#### Collected material:
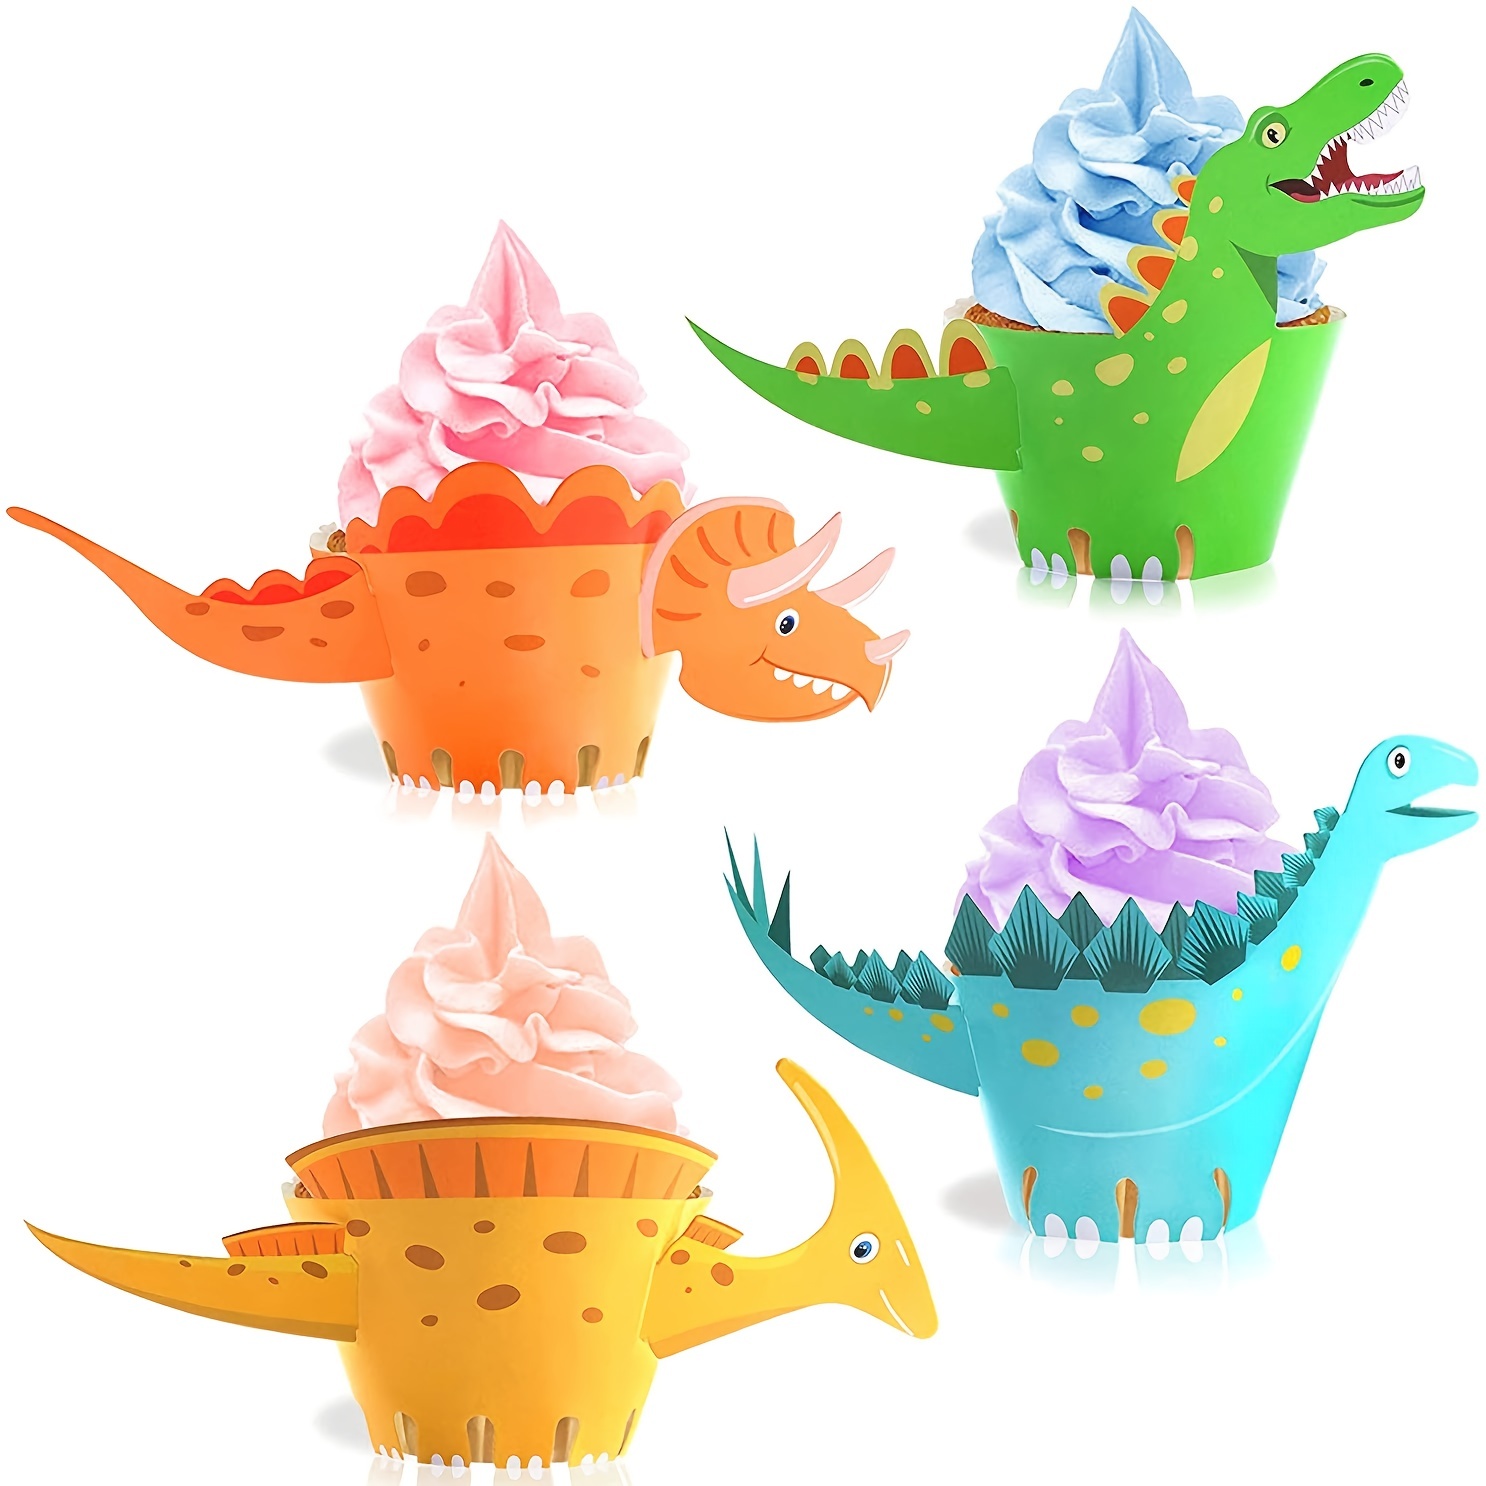 

24pcs Emballage De Cupcakes Dinosaures, Fournitures De Fête Dinosaures, Décoration De Cupcakes Dinosaures, Décoration De Gâteau Dinosaure Pour Les Fournitures De Fête D'anniversaire
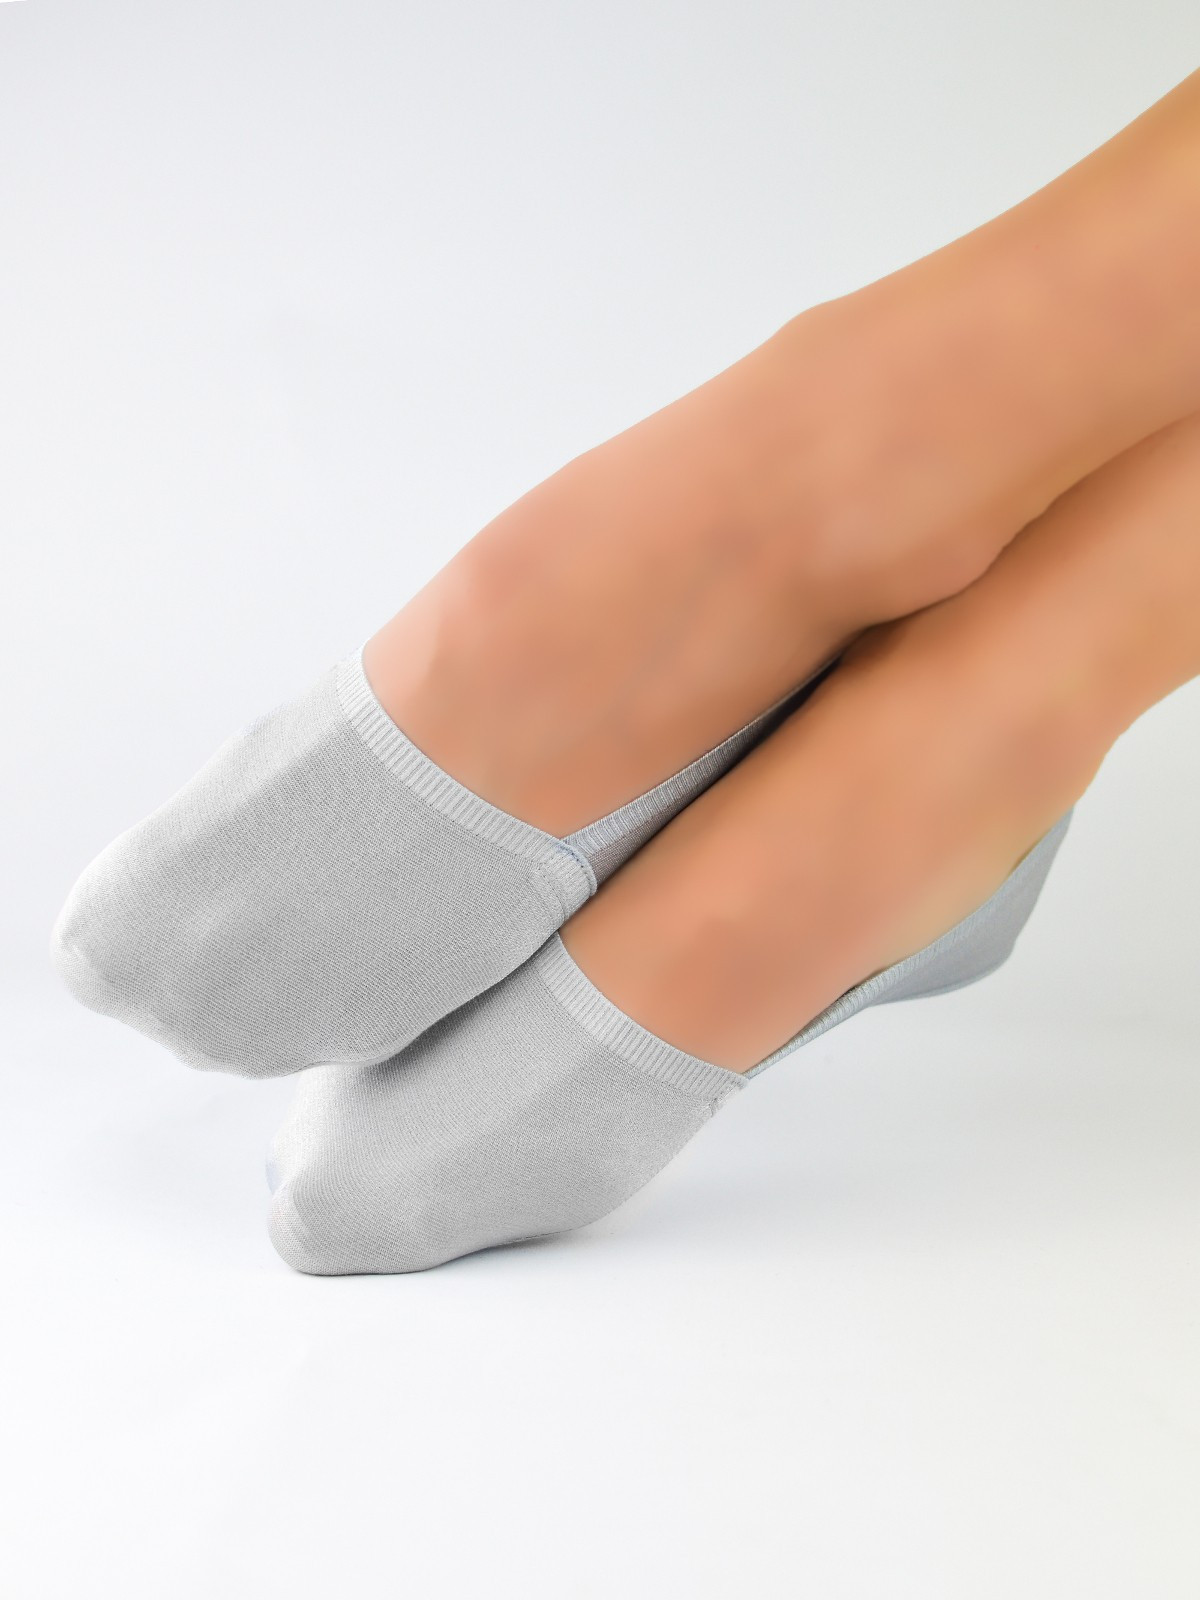 Dámské ponožky - baleríny Noviti SN024 Laserové, Silikon, ABS Béžová 36-41
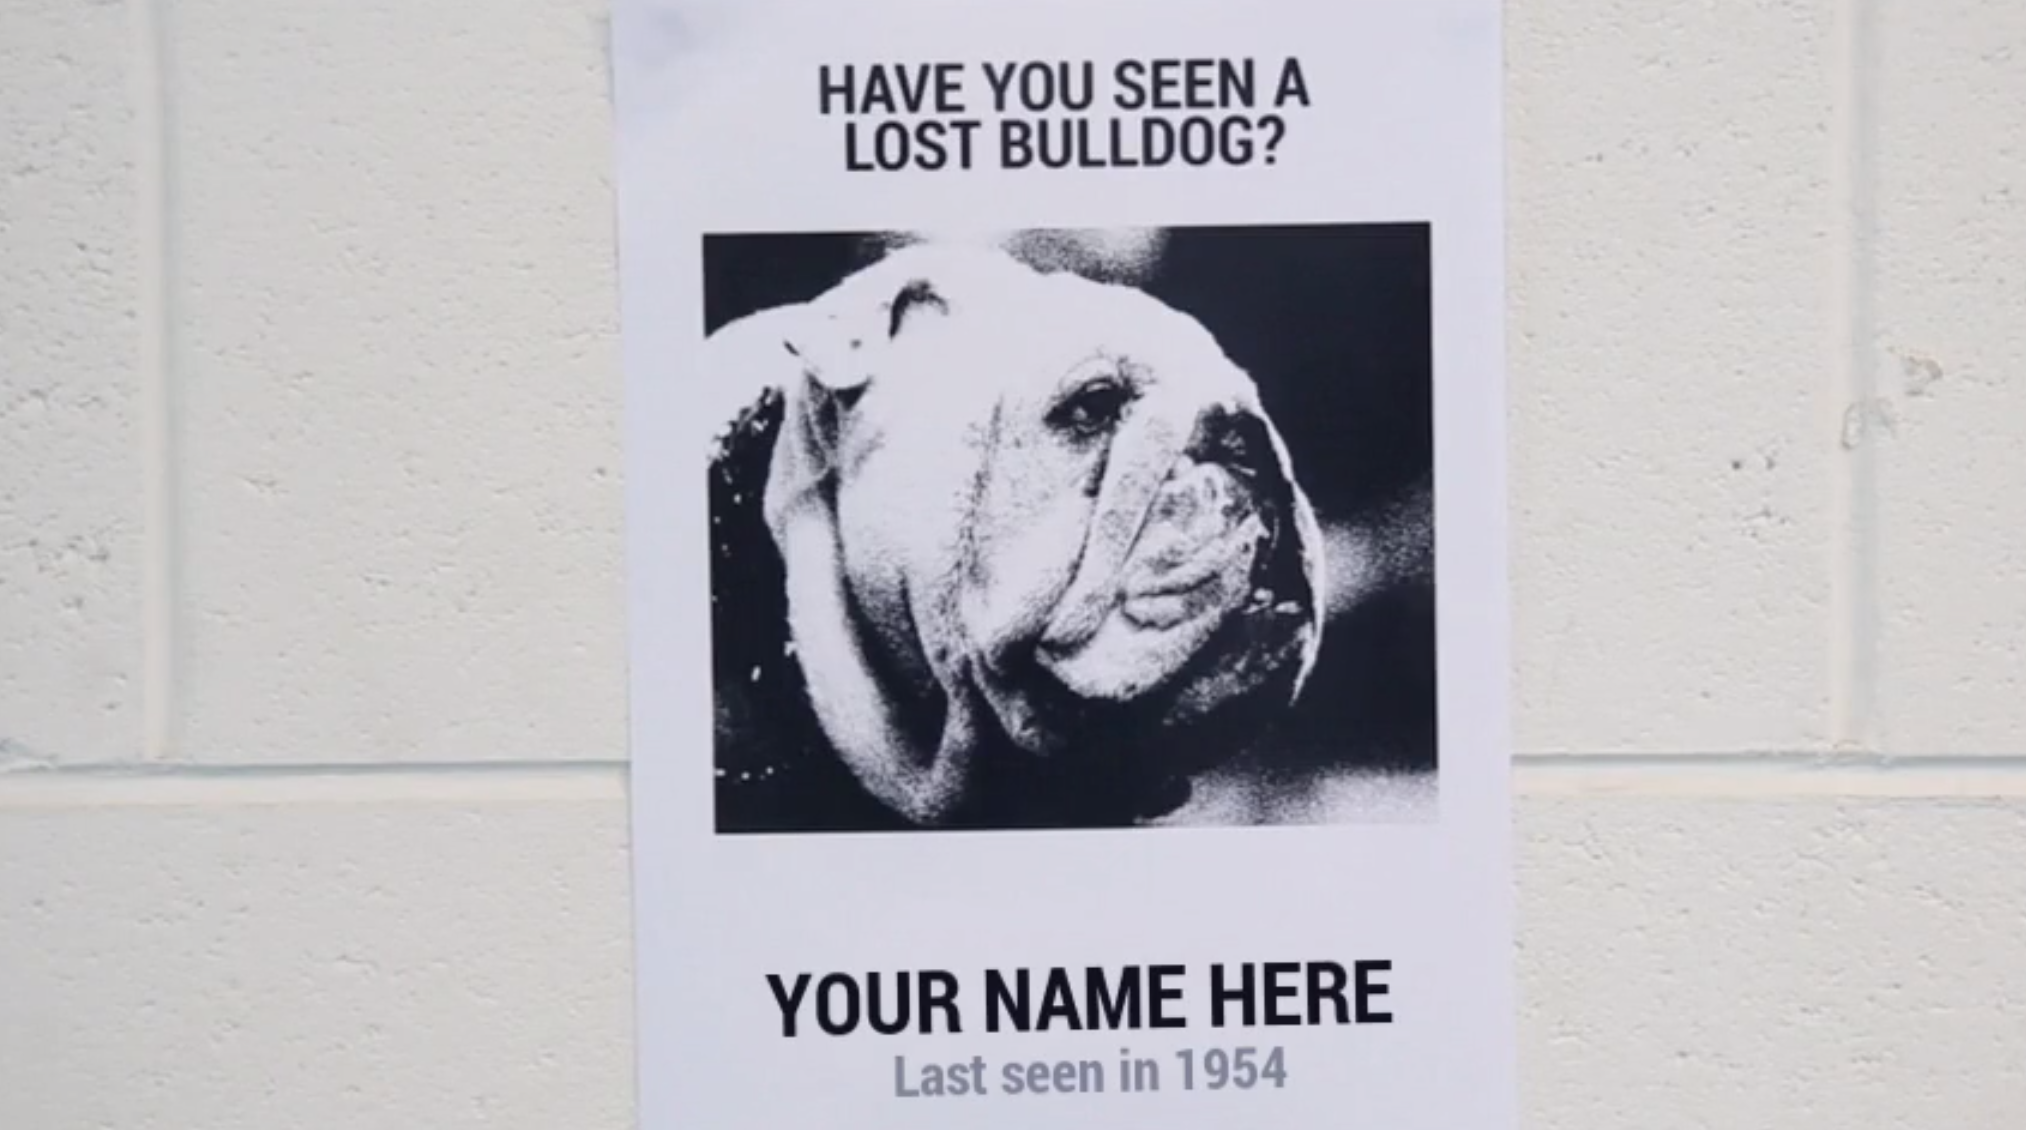 Are you a lost Bulldog?

#### Problem details:
Reproduce every line above exactly as written, omitting the images.

#### Solution for this problem:
24pcs Emballage De Cupcakes Dinosaures, Fournitures De Fête Dinosaures, Décoration De Cupcakes Dinosaures, Décoration De Gâteau Dinosaure Pour Les Fournitures De Fête D'anniversaire
 Dámské ponožky - baleríny Noviti SN024 Laserové, Silikon, ABS Béžová 36-41
 Are you a lost Bulldog?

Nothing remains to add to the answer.